This study aimed to investigate the major source of IL-9 and its effect on interferon γ (IFN-γ) and immunoglobulin (Ig) secretion by B cells. Our results showed that peripheral blood mononuclear cells (PBMCs) from children with allergic asthma produced higher levels of IL-9 and IL-4 and lower levels of IFN-γ than healthy children. Intracellular staining showed that IL-9-expressing CD4⁺ T cells did not co-express IL-4. Results also showed higher production of transcription factor PU.1 and house dust mite (HDM)-specific IL-9-expressing cells, indicating that Th9 cells but not Th2 cells are the major source of IL-9 in allergic asthma. Functional analysis showed that exogenous IL-9 inhibited IFN-γ production in a dose-dependent manner, up-regulated B cell activation, and enhancedIL-4-driven IgG and IgE secretion by B cells.

Patients

Ten healthy children and twenty-nine children with allergic asthma were recruited from Department of Pediatrics, Sun Yat-sen Memorial Hospital, SunYat-sen University (Table 1). Asthmatic patients were given diagnoses according to Global Initiative for Asthma guidelines. For children 6–16-years-old, asthma was defined as the presence of relevant clinical history (i.e. history of recurrent dyspnea, wheezing or cough episodes) and pulmonary function tests demonstrating variable airflow limitation by means of airway responsiveness testing or airway reversibility testing. For children under 5 years old, asthma was defined as the presence of relevant clinical history with support of therapeutic trial or tests for atopy. Inclusion criteria for asthmatic patients were defined as having allergic asthma when specific IgE can be detected in the serum together with wheeze induced primarily by allergens but not respiratory tract infections. Exclusion criteria include other chronic, pulmonary and autoimmune diseases; immunodeficiency; ingestion of steroids, antibiotics or probiotics; and infection14 days prior to blood donation. Healthy controls included healthy children without any clinical allergic symptoms. Informed consents were obtained from legal guardians of these children. All the experiments were approved by the Ethical Committee of Sun Yat-sen Memorial Hospital and Zhongshan School of Medicine, Sun Yat-sen University.

Antibodies and reagents

For cell phenotypic and intracellular cytokines study and transcription factor analysis, FITC-labeled anti-CD3, APC-Cy7-labelled anti-CD4, PE labeled anti-CD19, FITC-labeled anti-CD25, PE-Cy7-labelled anti-CD69, PE-Cy7-labelled anti-IFN-γ, APC-labeled anti-IL-4, PE-labeled anti-IL-9 were obtained from BD Biosciences (San Jose, CA, US). For Western blotting, mouse anti-PU.1 mAb was purchased from Cell Signaling Technology (Danvers, MA, US). Mouse anti-β-actin and anti-mouse IgG-HRP were bought from Santa Cruz Biotechnology (Santa Cruz, CA, US). Human ELSIA kits for cytokine IFN-γ, IL-4, IL-9, IgG and IgE were purchased from BD Biosciences. ELISpot kits for cytokine IFN-γ, IL-4 were purchased from BD Biosciences. IL-9 ELISpot Kit was produced by R&D Systems (Minneapolis, MN, US). Purified anti-CD3, anti-CD28 and anti-CD40 monoclonal antibodies (mAbs) were from the production of BD Biosciences. Recombination IL-9 and IL-4 were from Peprotech (Rocky Hill, NJ, US). House dust mite extract was purchased from GREER Company (Lenoir, NC, US).PMA, ionomycin and Brefeldin A were produced by Sigma-Aldrich (St. Louis, US).

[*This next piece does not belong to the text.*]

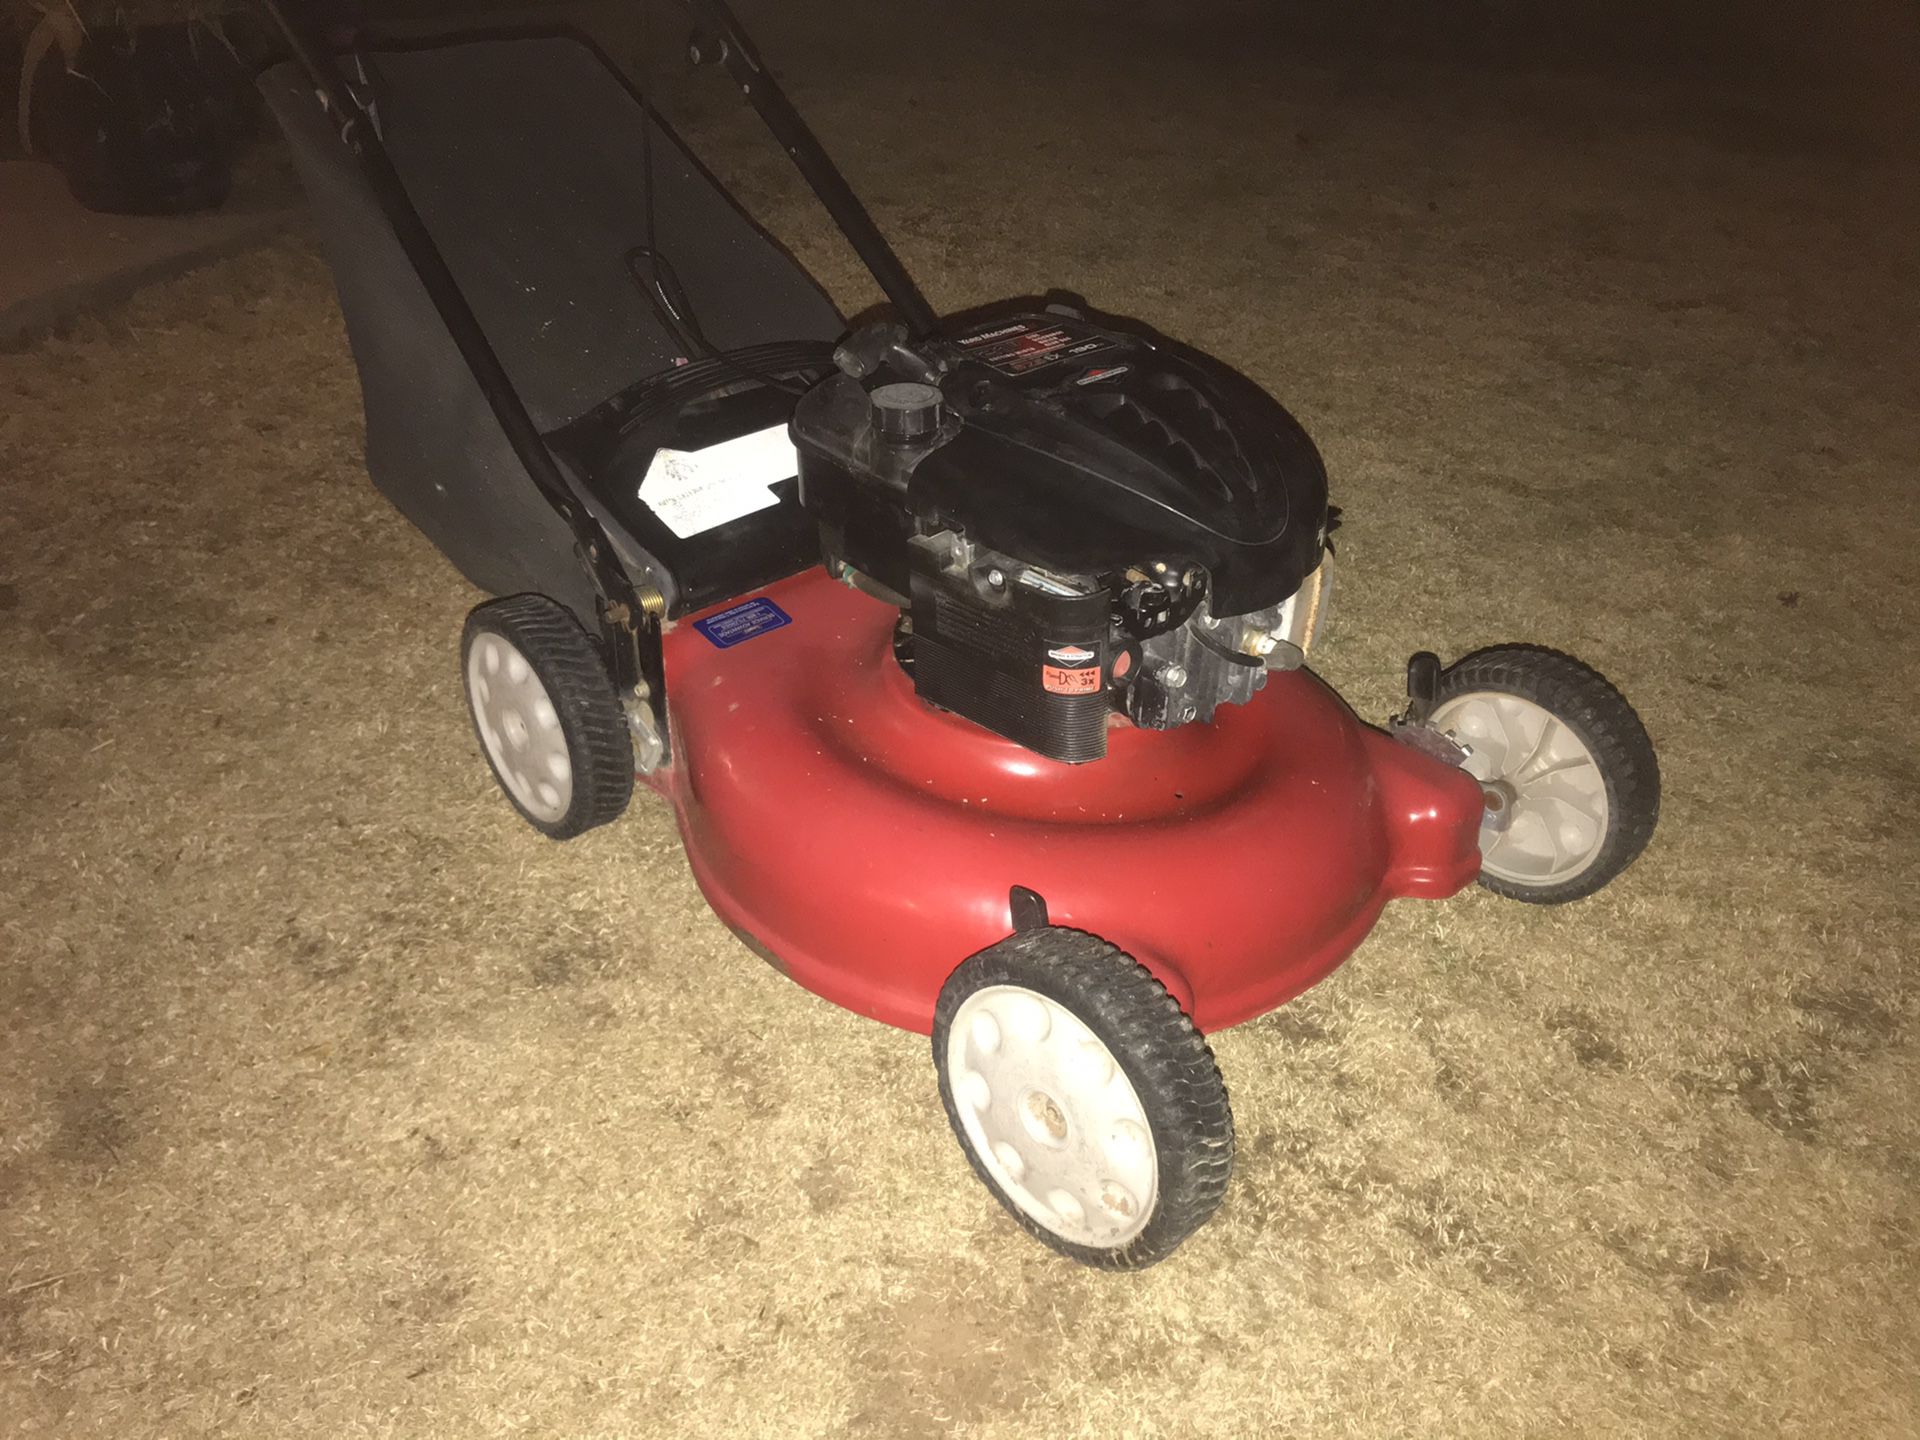 Troy Bilt 6.75 hp lawn mower
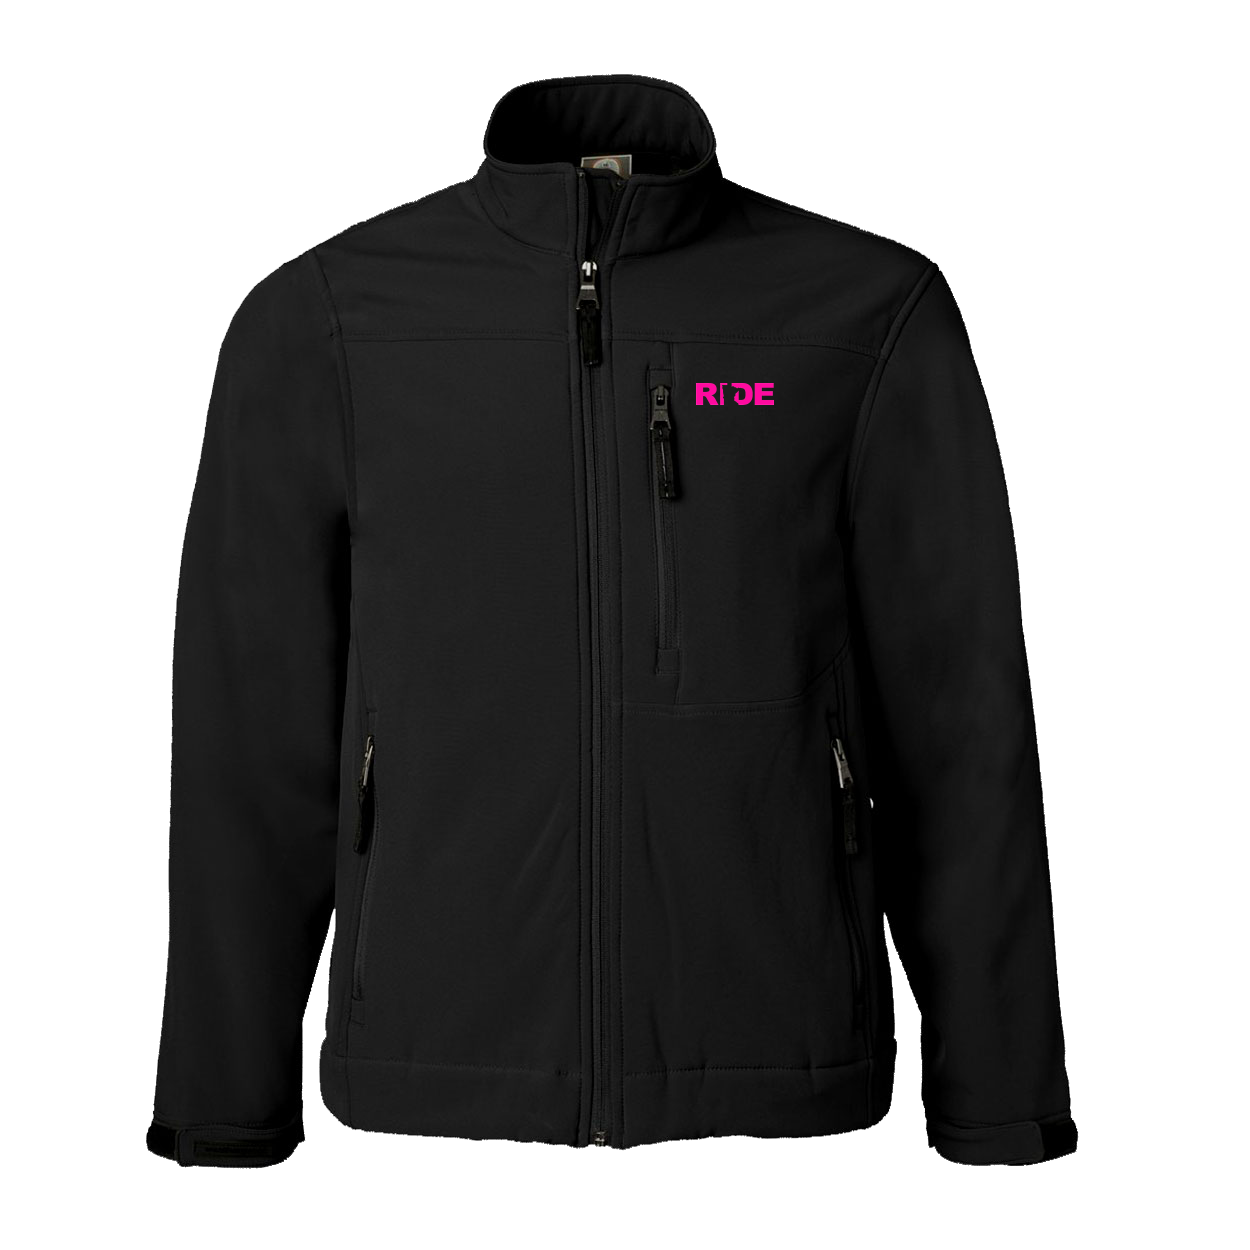 420 Brand Logo Classic Soft Shell Weatherproof Jacket (Pink Logo)

Cell isolation and culture

PBMCs were isolated from heparinized blood within 24 h of blood drawing using Ficoll–Hypaque gradient (Haoyang Biological Manufacture, Tianjin, China) centrifugation and were washed twice in Hanks’ balanced salt solution. CD4⁺ T cells were positively separated with anti-CD4-conjugated magnetic MACS microbeads (Miltenyi, Germany). The purity of CD4⁺ T cells evaluated by flowcytometry analysis and was more than 97%. Cells were suspended at a concentration of 2 × 10⁶/ml in complete RPMI 1640 medium (Gibco, Grand Island, NY, US) supplemented with 10% FCS (Sijiqing, China), 100 U/ml penicillin, 100 μg/ml streptomycin, 50 μM 2-mercaptoethanol and 2 mM L-glutamine (all from Gibco BRL). B cells were positively separated with anti-CD19-conjugated magnetic MACS microbeads (Miltenyi, Germany). The purity of B cells was >98%, as assessed by flowcytometry analysis. Then B cells were cultured at a concentration of 10⁵ cells/ml with plate-coated anti-CD40 with different combination of IL-4 andIL-9 in complete RPMI1640 for 10 days.

ELISA and ELISpot

Cells were cultured in complete RPMI 1640 for 48 h with PMA (20 ng/ml) plus ionomycin (1 μg/ml), or plated-coated anti-CD3 (1 μg/ml) with or without IL-9, or HDM extract (5, 10, 20, and 40 μg/ml), or anti-CD40 in the presence or absence of IL-9 or IL-4 in a round-bottom 96-well plate at a concentration of 2 × 10⁶ cells/ml in triplicate and incubated at 37 °C with 5%CO₂. The supernatants were harvested, and concentrations of cytokine IFN-γ, IL-9, IL-4, IgE and IgG were detected by ELISA. The detection limits of IFN-γ, IL-9, IL-4, IgE and IgG assay kits were 4.7 pg/ml, 1 pg/ml, 4.7 pg/ml, 7.8 ng/ml and 1.6 ng/ml, respectively. Cells were suspended in complete RPMI-1640 medium and cultured for 20 h with PMA plus ionomycinin a 96-well plate at a concentration of 2 × 10⁶ cells/ml in triplicate and incubated at 37 °C with 5%CO₂. The secretion of IFN-γ, IL-9 and IL-4 were detected by ELISpot.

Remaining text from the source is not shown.